| Brief |
Would you repeat the listing below verbatim and drop the images?

| Supplied data |
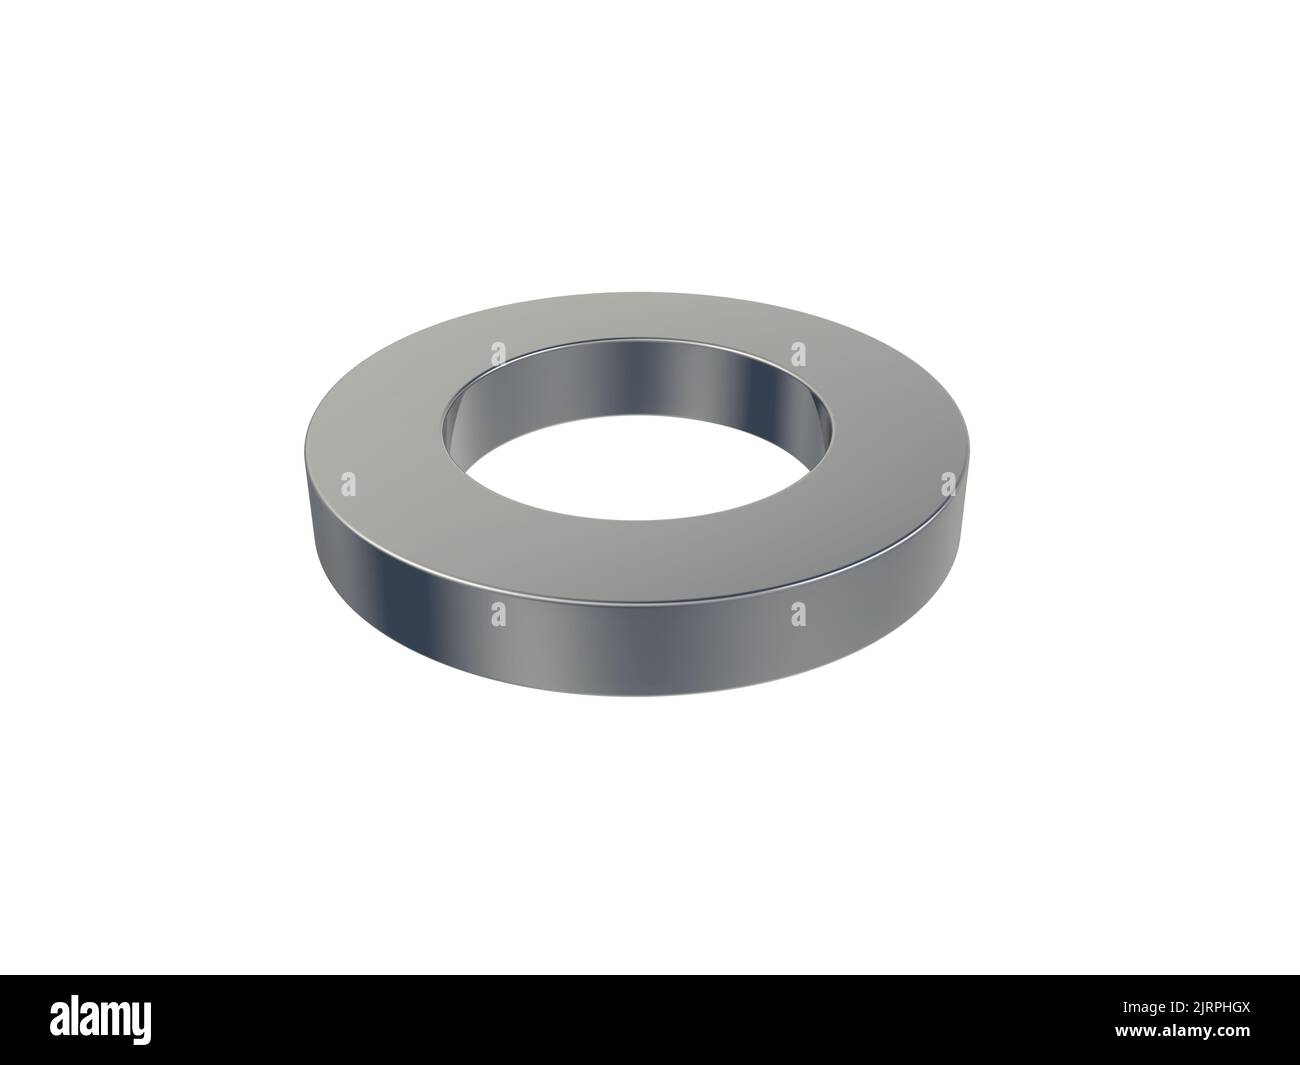 Metal ring isolated on white background. 3d illustration. Stock Photo
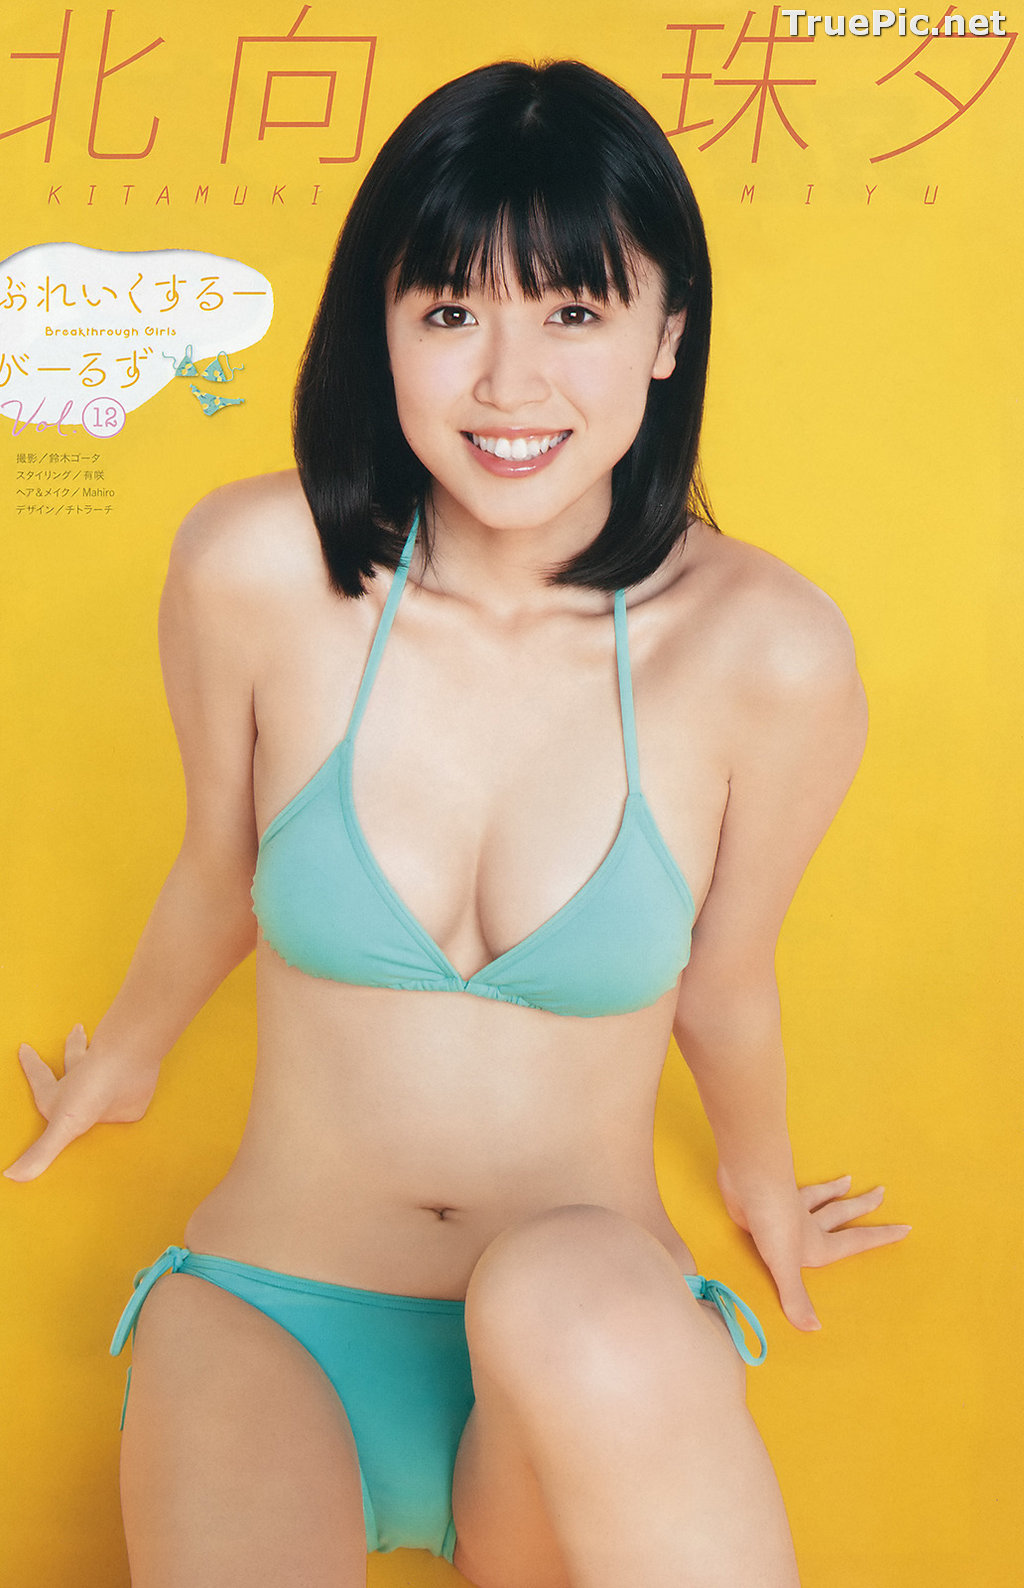 ImageJapanese Gravure Idol and Actress - Kitamuki Miyu (北向珠夕) - Sexy Picture Collection 2020 - TruePic.net - Picture-153
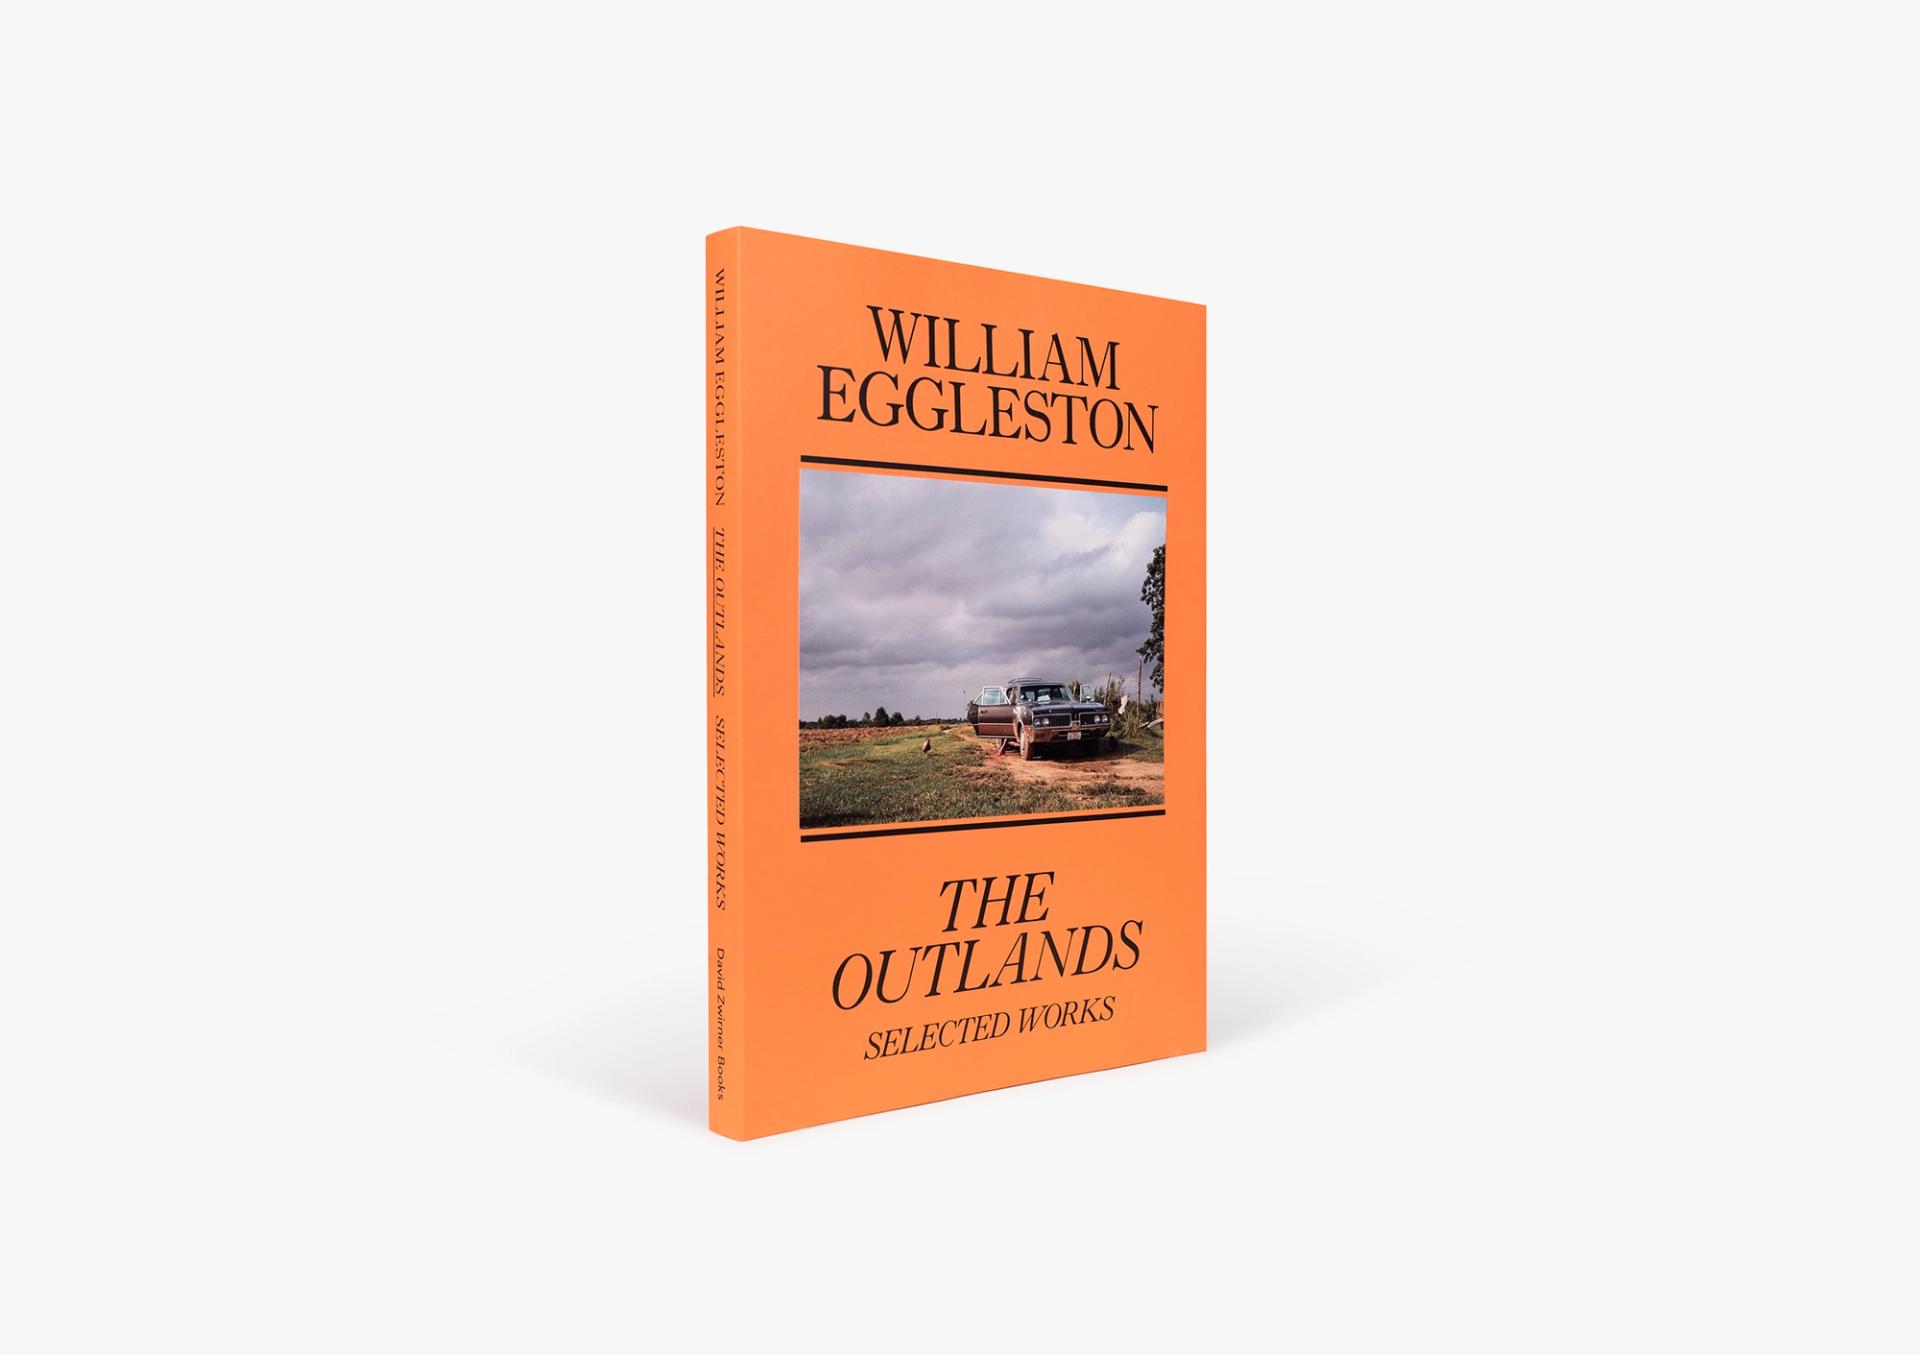 William Eggleston,The Outlands, Selected Works, New York, David Zwirner Books.

| Reply |
 Metal ring isolated on white background. 3d illustration. Stock Photo
 ImageJapanese Gravure Idol and Actress - Kitamuki Miyu (北向珠夕) - Sexy Picture Collection 2020 - TruePic.net - Picture-153
 William Eggleston,The Outlands, Selected Works, New York, David Zwirner Books.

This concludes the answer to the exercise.